To quantify this we have explored our data and run a ONE-way ANOVA plus Tukey multiple pairwise test.

# Statistical testing

In [None]:
# Run a one way anova - compute the variance of biomas between genotypes
# ONLY from data within short-day light condition
res.aov <- aov(biomas ~ genotype, data = subset(df, light_condition %in% "SD"))

In [None]:
# Summary of the analysis
summary(res.aov)

**NOTE** The output includes the columns F value and Pr(>F) corresponding to the p-value of the test.

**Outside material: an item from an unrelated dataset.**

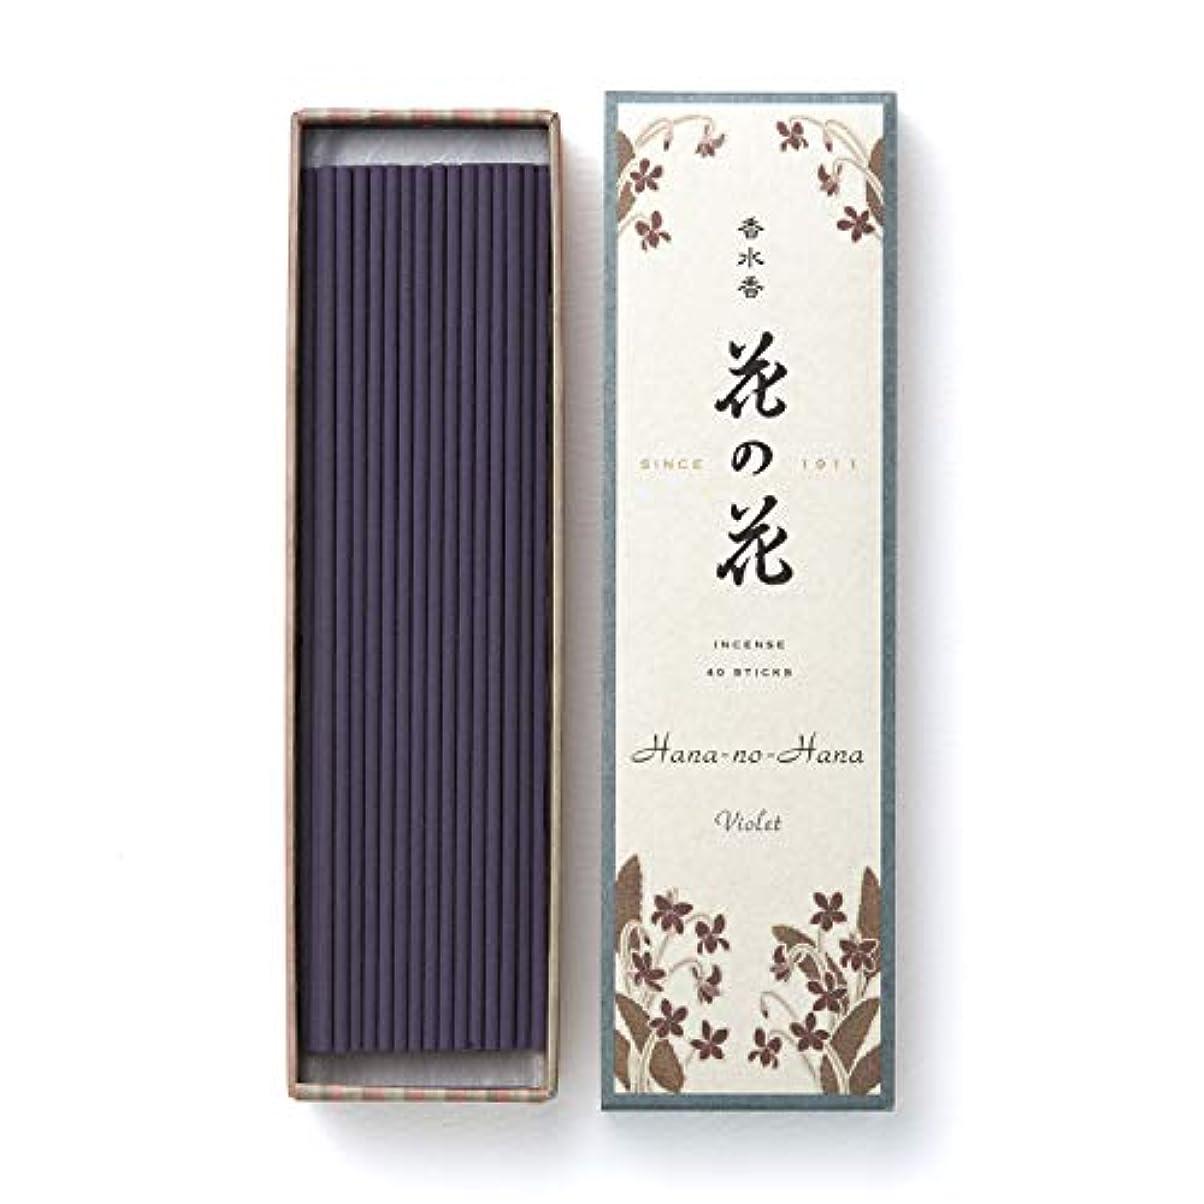 オーバーフロー地獄屋内日本香堂 花の花 すみれ 長寸40本入

Given the above p-value in the summary, we can conclude that there are significant differences between the groups highlighted with (&#42;) in the model summary. To find out which groups differ from each other, we conduct a Tukey post-hoc test to find between which groups these differences lie.

In [None]:
# conduct Tukey multiple pairwise-comparison
TukeyHSD(res.aov)

**NOTE**  
* diff: difference between means of the two groups
* lwr, upr: the lower and the upper end point of the confidence interval at 95% (default)
* p adj: p-value after adjustment for the multiple comparisons.

**RESULT**  
We can see that PhyA-211 and WT are not statistically different.
Whilst elf4-101 and WT also do not differ statistically, there is a significant difference in biomas between elf4-101 and PhyA-211 (&#42;).